◆ What is required ◆
Give back exactly the lines from the one that holds "Mannequin photography of" through the final line of the data; omit the pictures and add nothing.

◆ Source material ◆
* * * * * * * * *
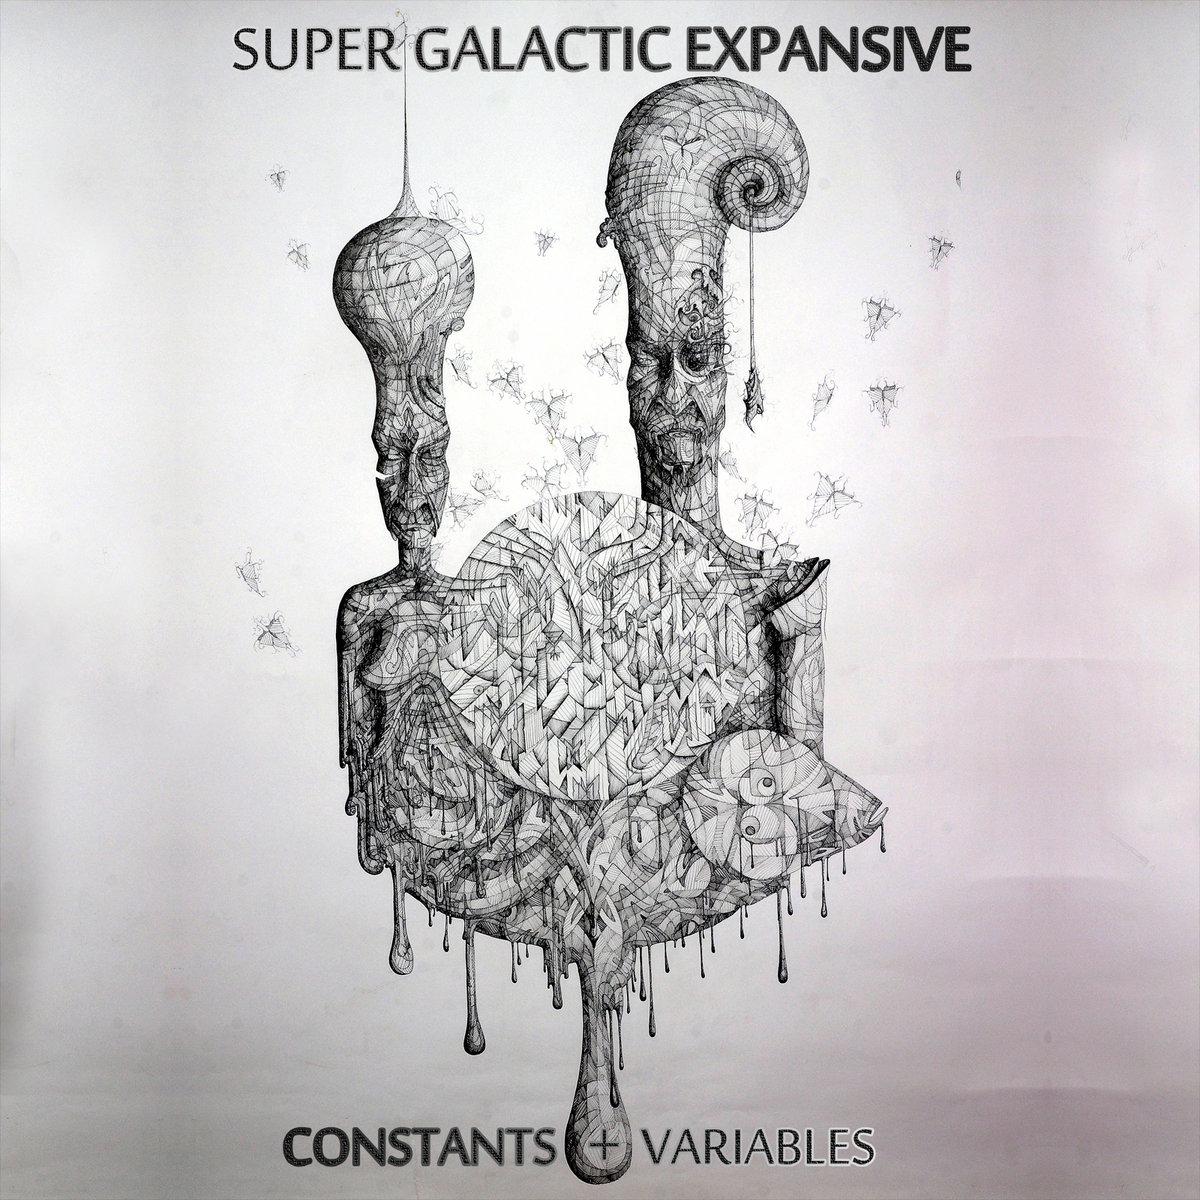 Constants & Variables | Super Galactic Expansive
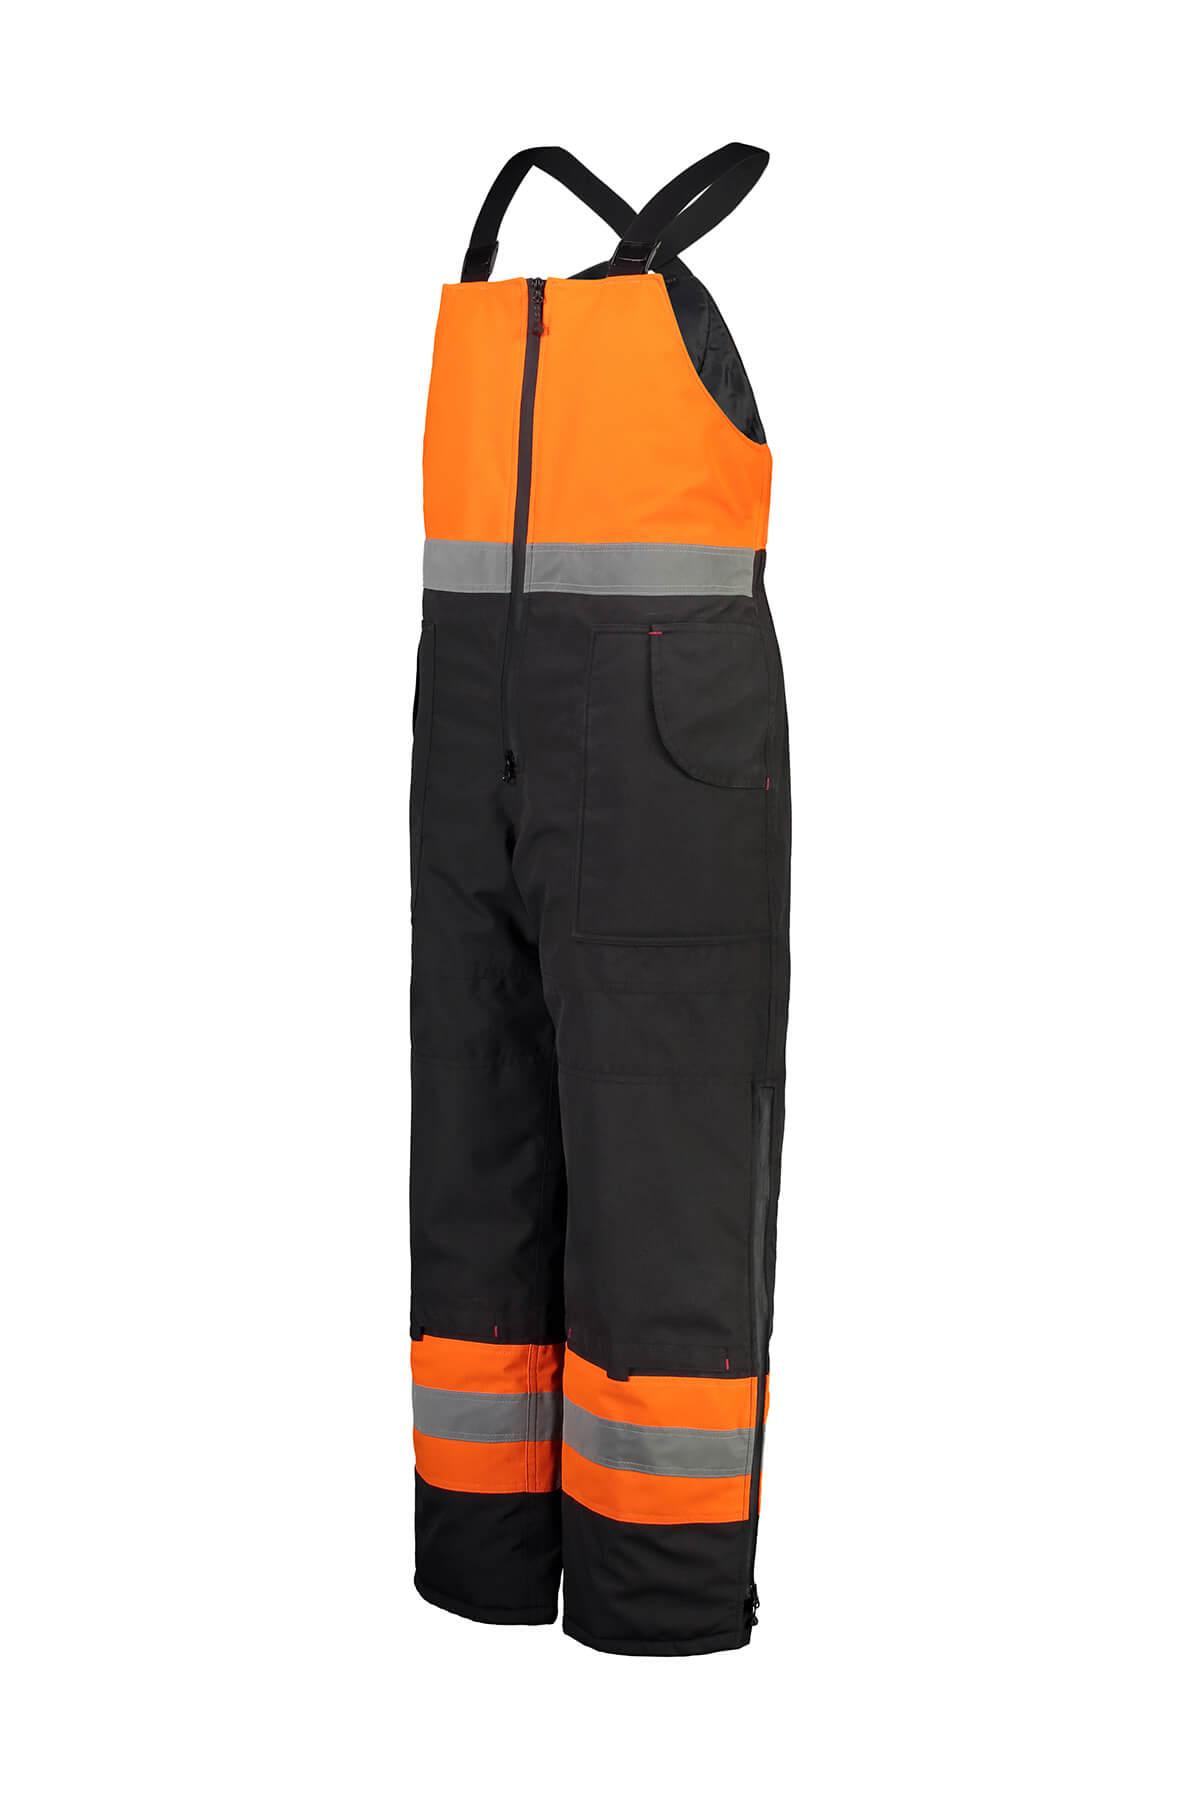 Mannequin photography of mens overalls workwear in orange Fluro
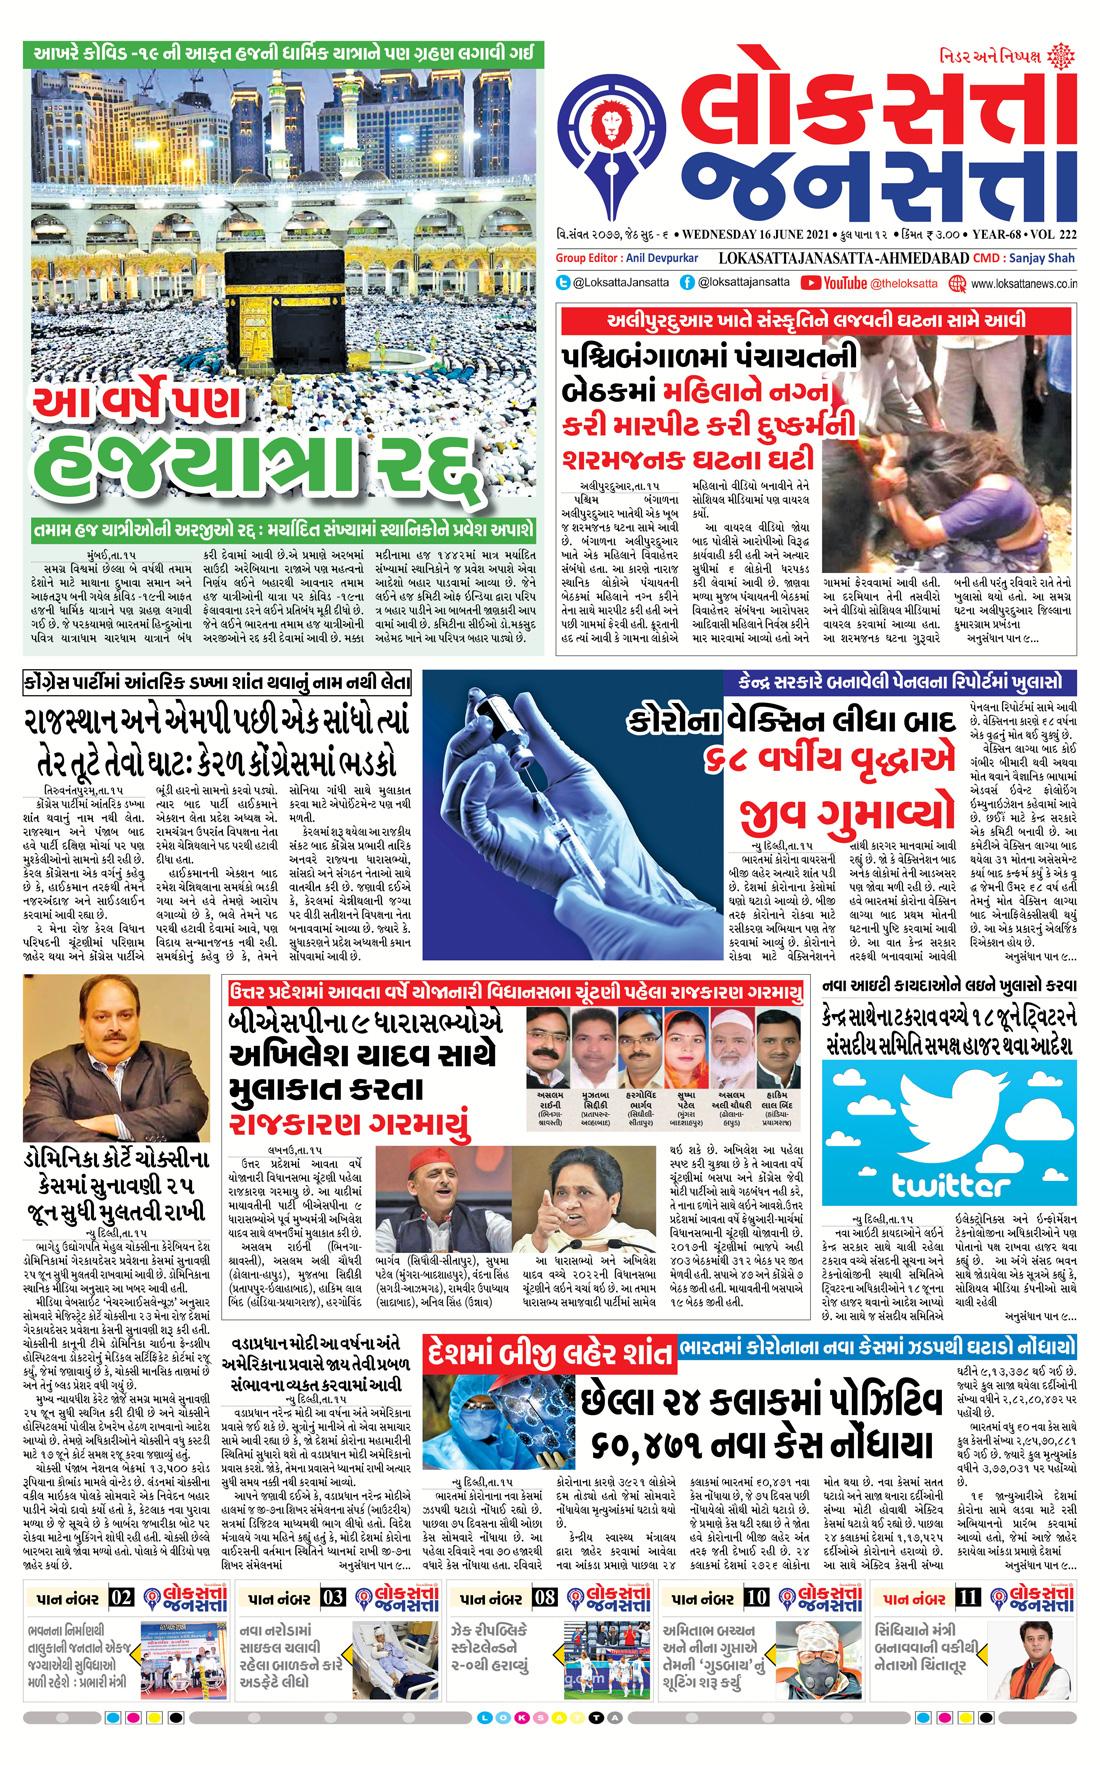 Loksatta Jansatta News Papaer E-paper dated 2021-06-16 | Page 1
* * * * * * * * *
◆ The completed task ◆
 Mannequin photography of mens overalls workwear in orange Fluro
 Loksatta Jansatta News Papaer E-paper dated 2021-06-16 | Page 1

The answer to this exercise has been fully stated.